**PROBLEM DETAILS:** The whole listing, exactly as given: write it out, leaving out each image.

**COLLECTED MATERIAL:**
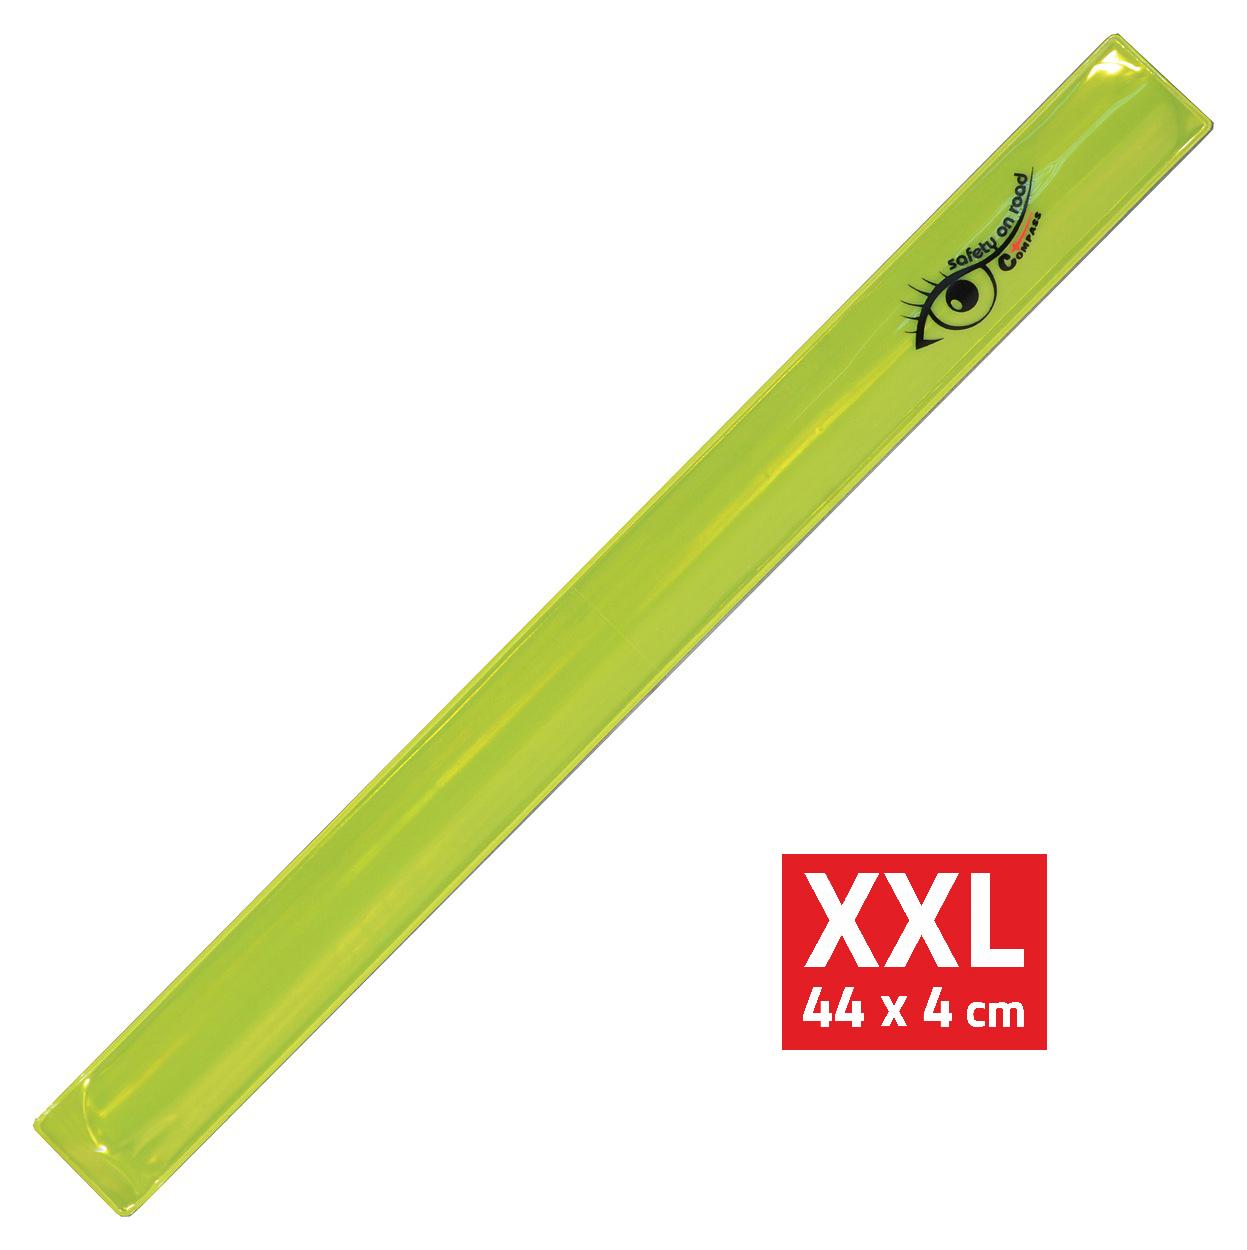 Pásek reflexní ROLLER XXL 4x44cm S.O.R. žlutý
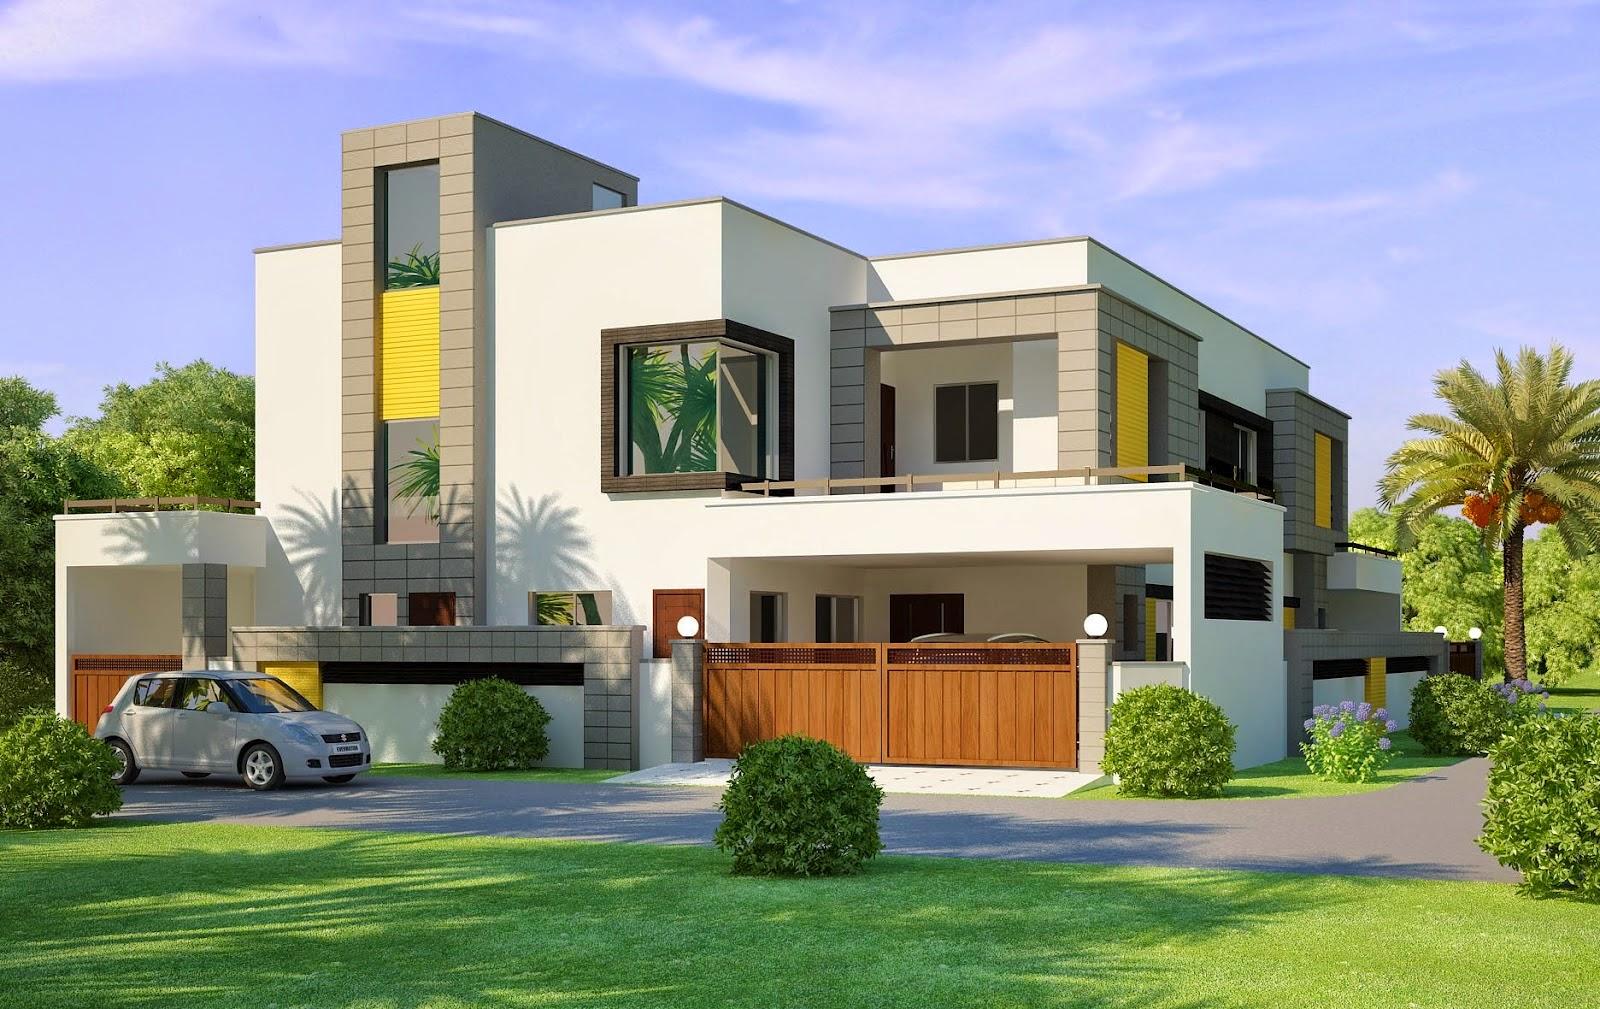 100 Home Exterior Design Services Unique House Exterior Home Exterior Design Small
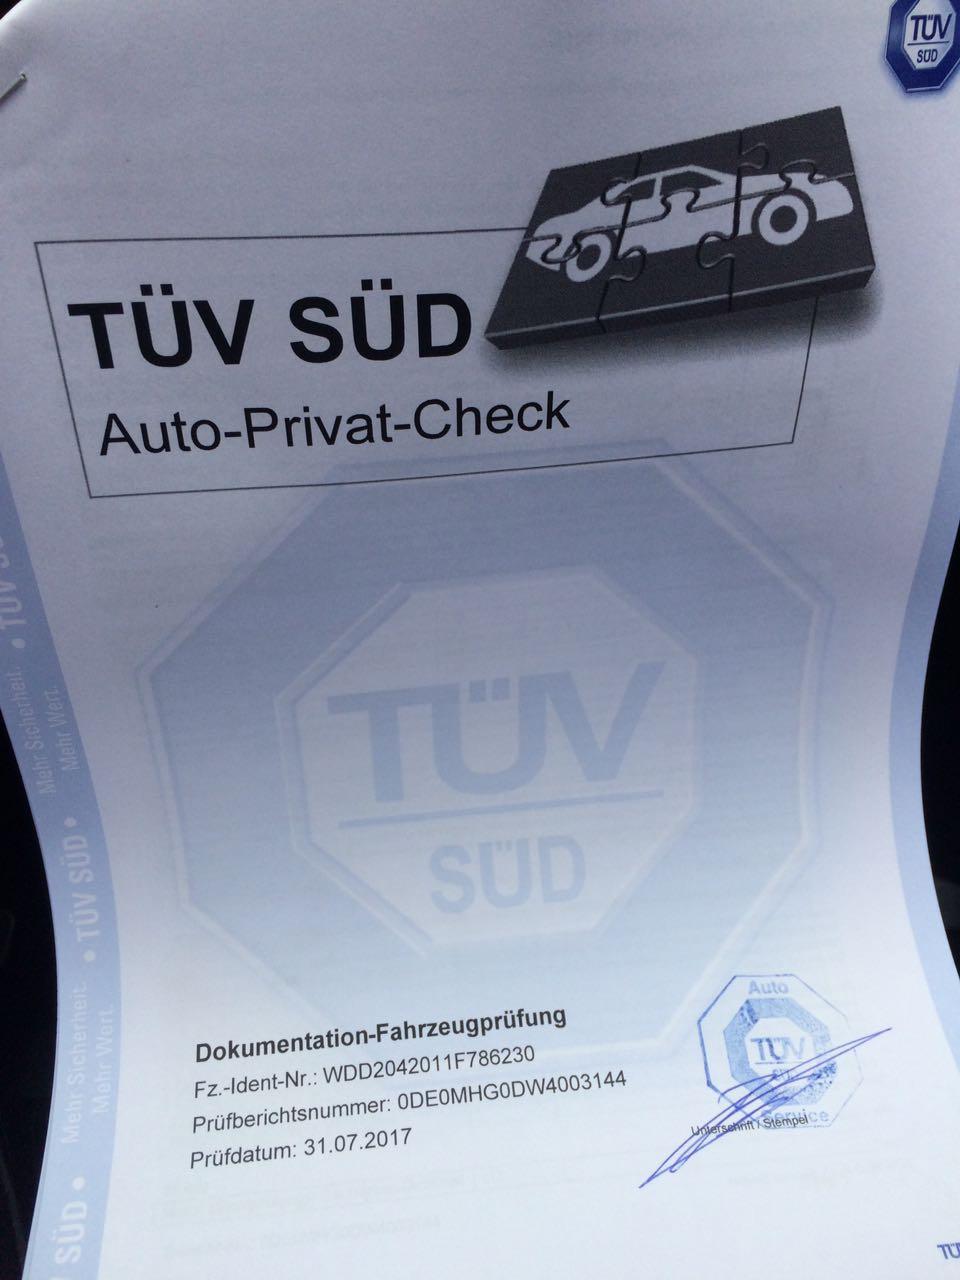 Preminat technicheski pregled na myasto v Germaniya. Mercedes C 200 CDI 2.2D Avantgarde , 136 к.с. 10.08.2017 TÜV (1)
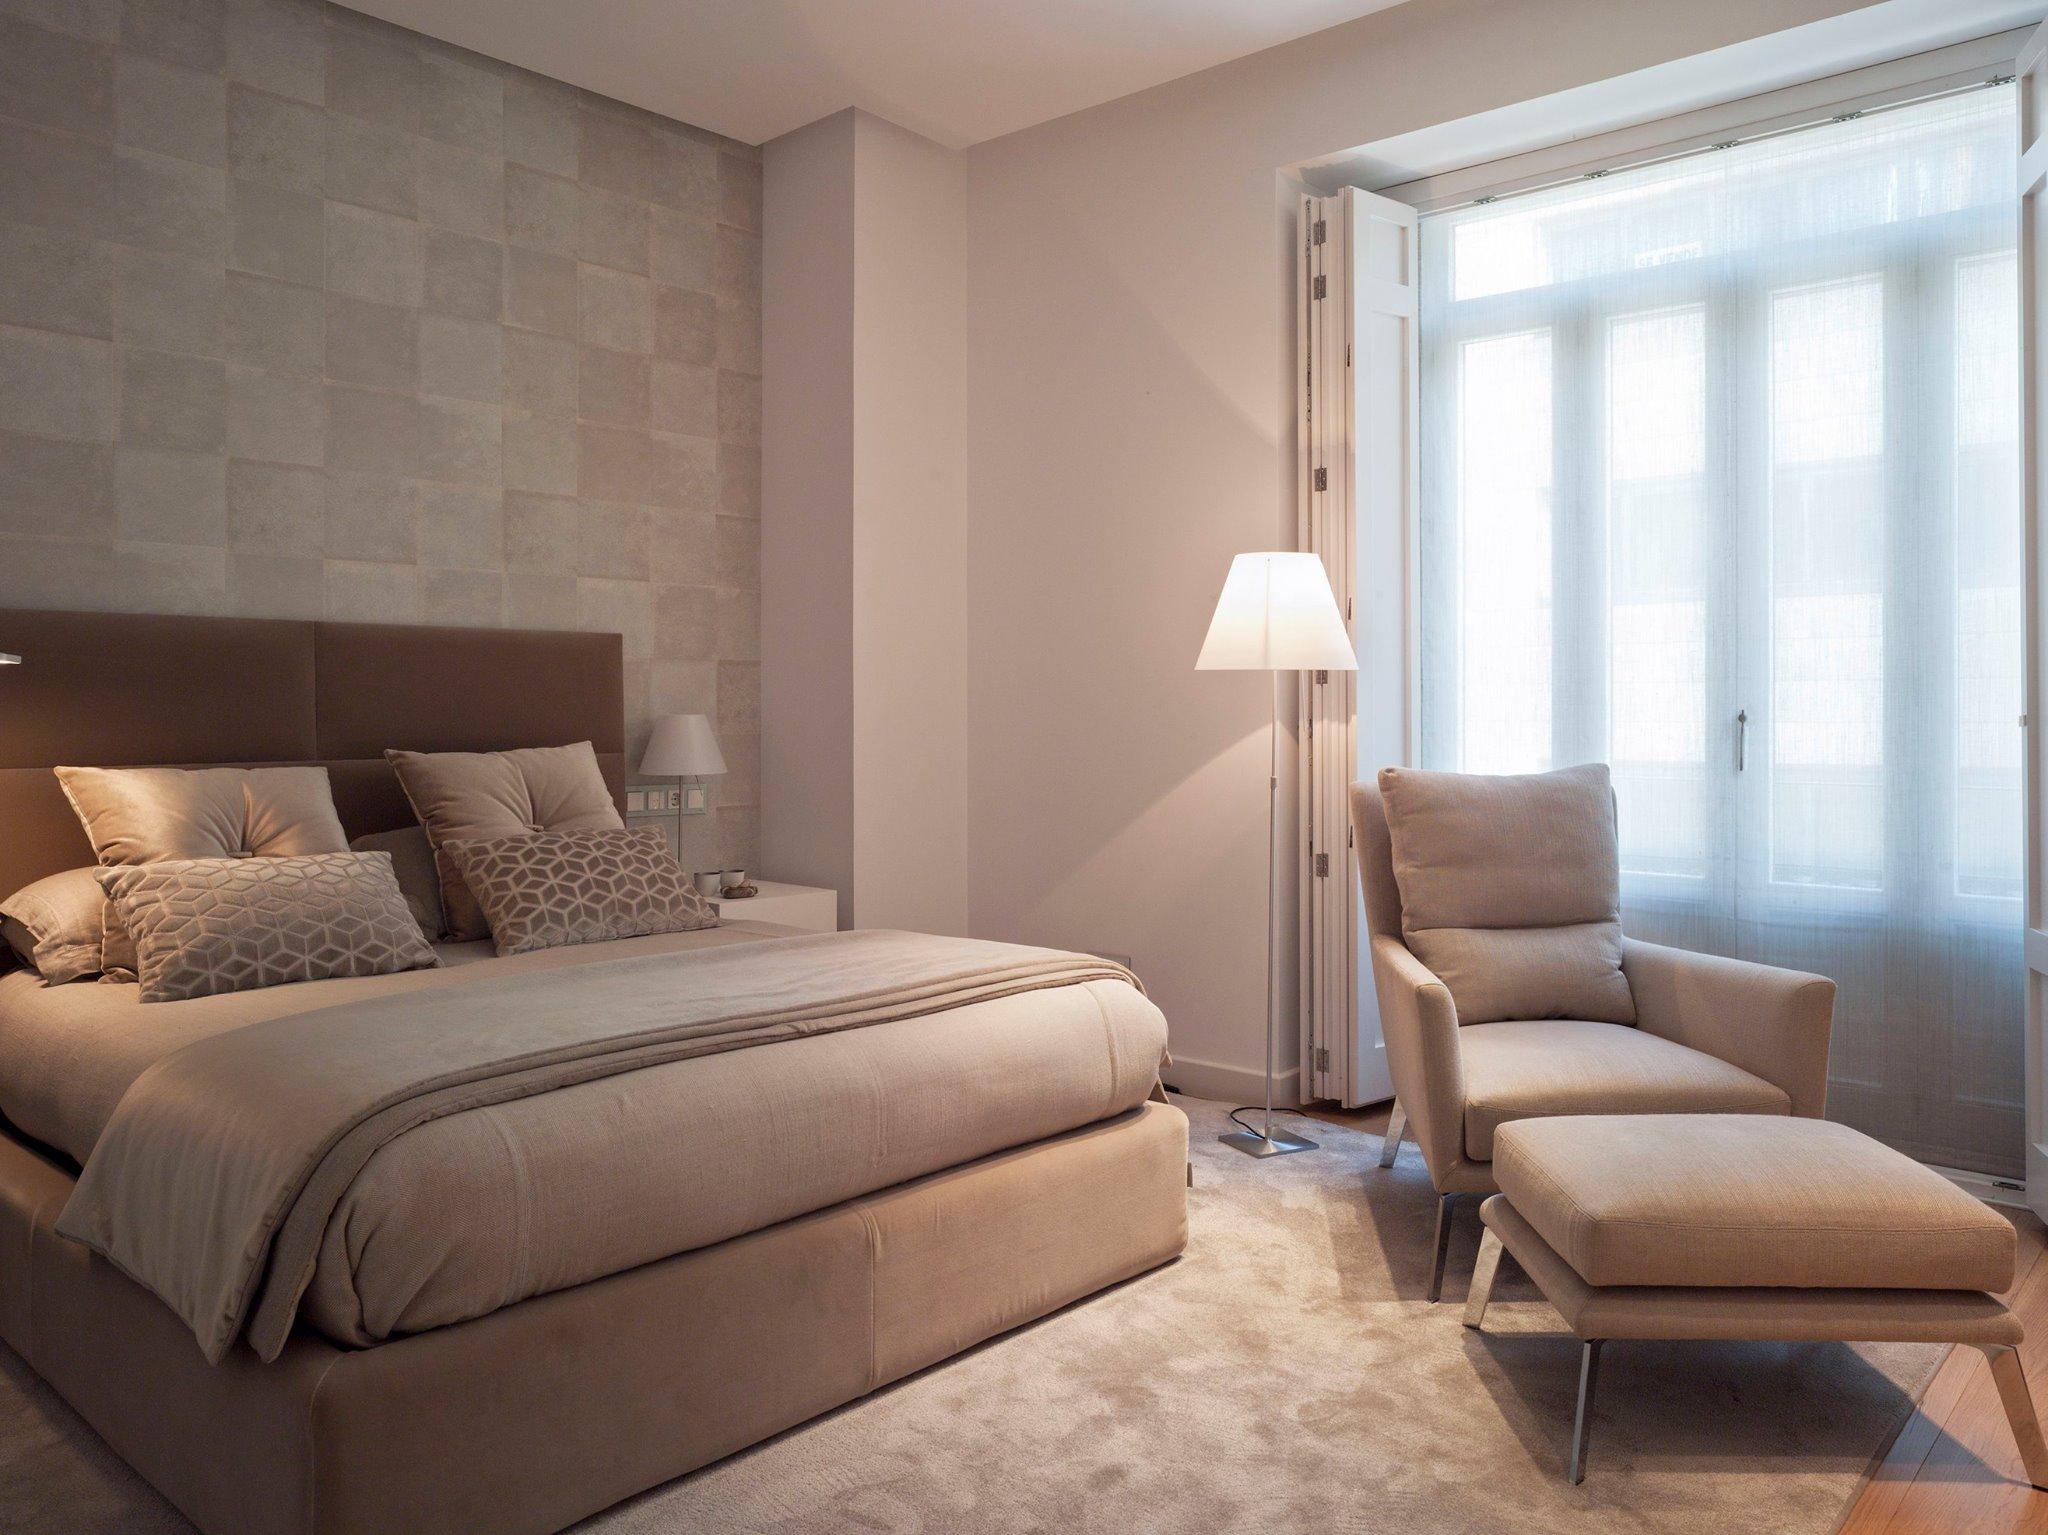 Dormitorio residencial interiorismo

**RESULT:**
 Pásek reflexní ROLLER XXL 4x44cm S.O.R. žlutý
 100 Home Exterior Design Services Unique House Exterior Home Exterior Design Small
 Preminat technicheski pregled na myasto v Germaniya. Mercedes C 200 CDI 2.2D Avantgarde , 136 к.с. 10.08.2017 TÜV (1)
 Dormitorio residencial interiorismo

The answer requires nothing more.